Dataset content.
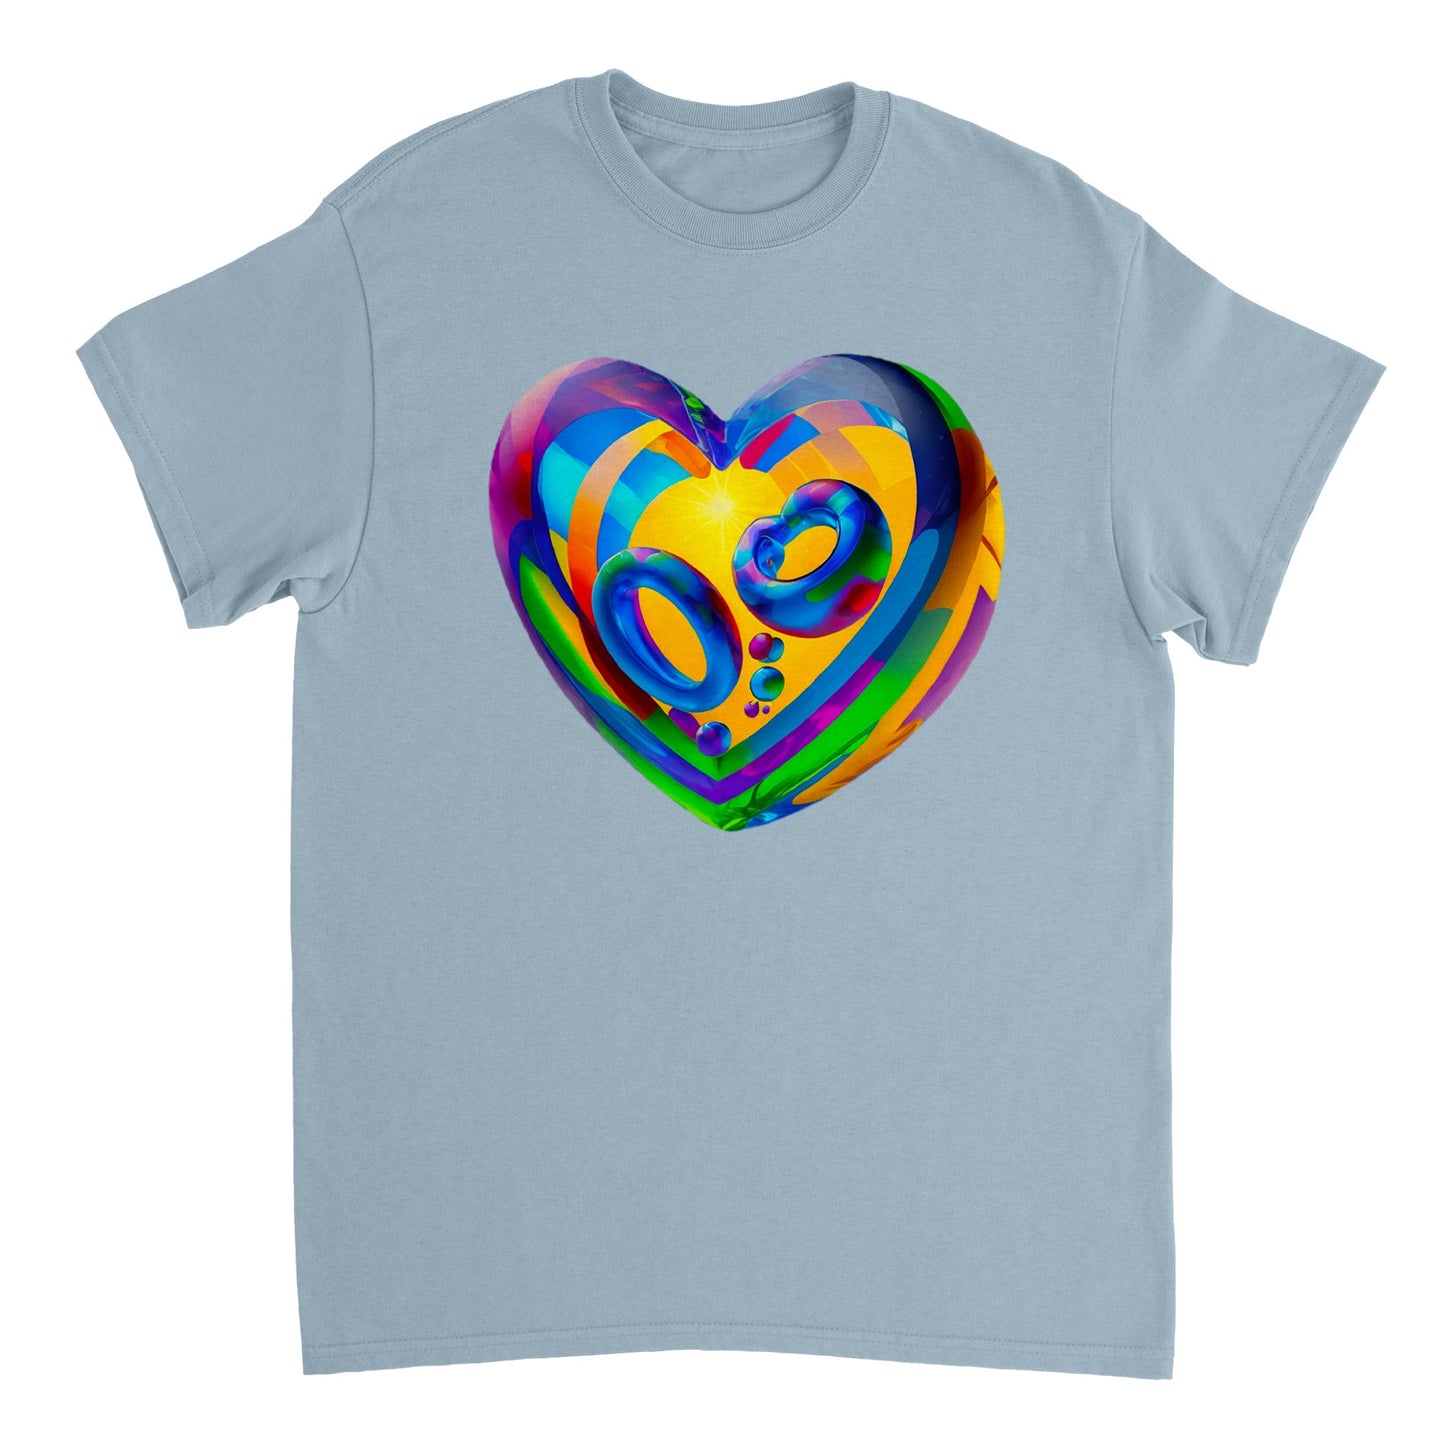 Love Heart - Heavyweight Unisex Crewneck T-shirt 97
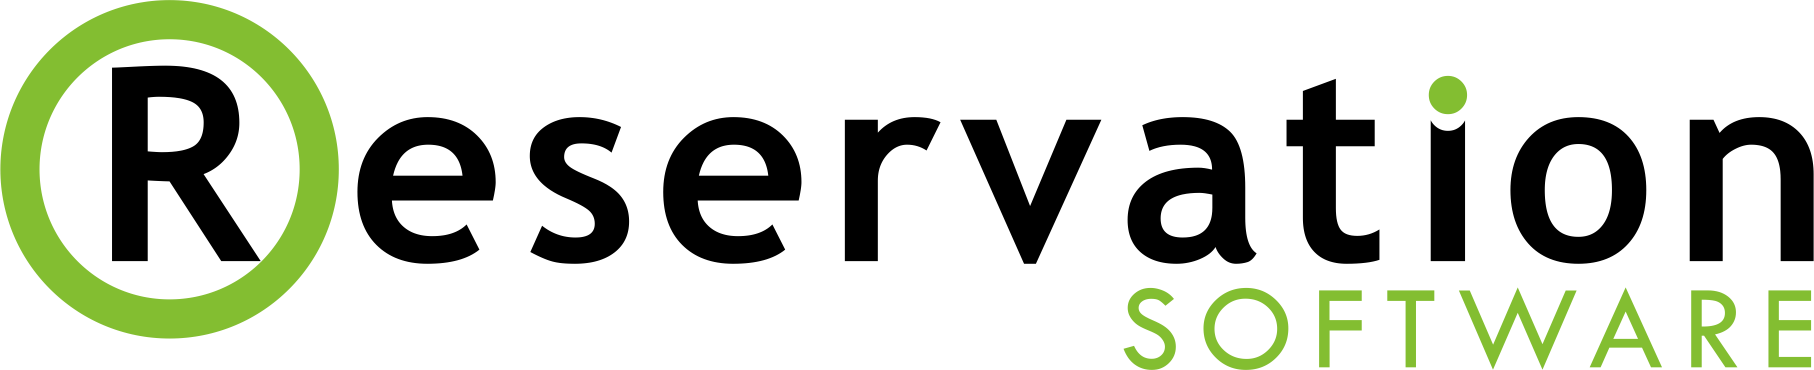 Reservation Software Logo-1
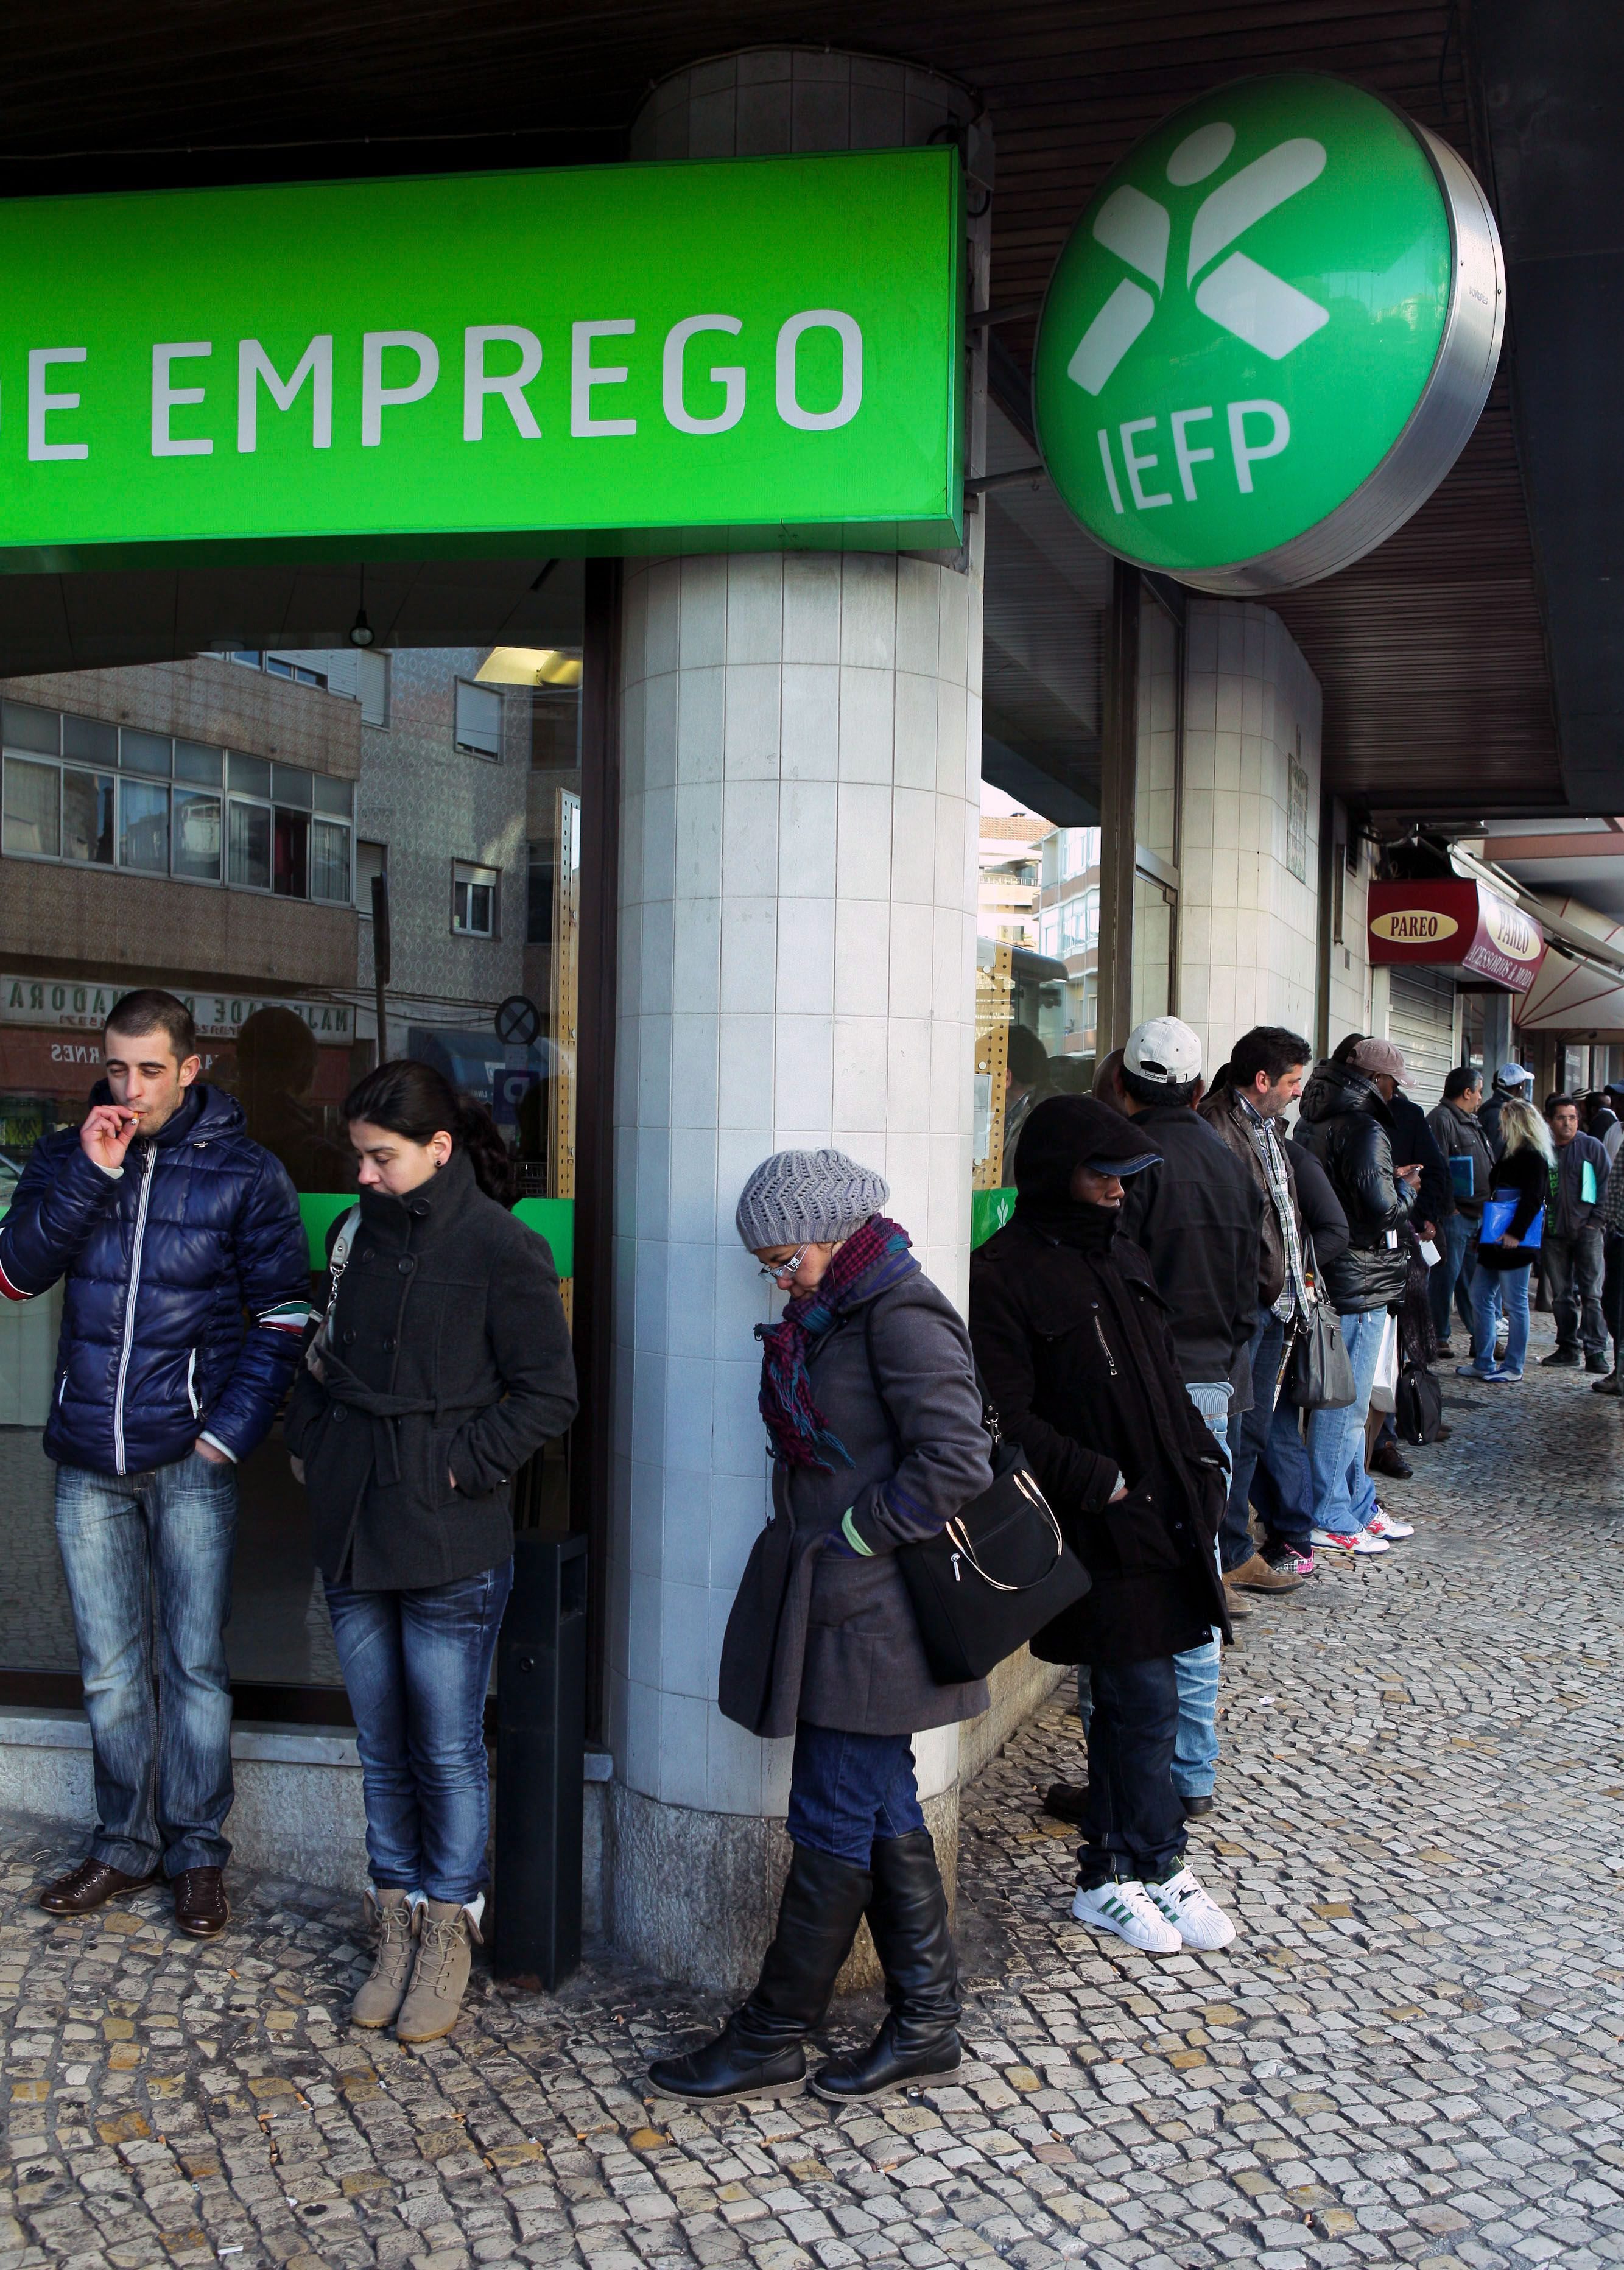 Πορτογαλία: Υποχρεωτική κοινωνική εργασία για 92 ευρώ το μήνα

What the exercise asks.
Please output the lines from the line that holds "Reservation Software Logo-1" through the final line of the material above, both included. Each line must match exactly, and pictures must be excluded.

Output for this exercise.
 Reservation Software Logo-1
 Πορτογαλία: Υποχρεωτική κοινωνική εργασία για 92 ευρώ το μήνα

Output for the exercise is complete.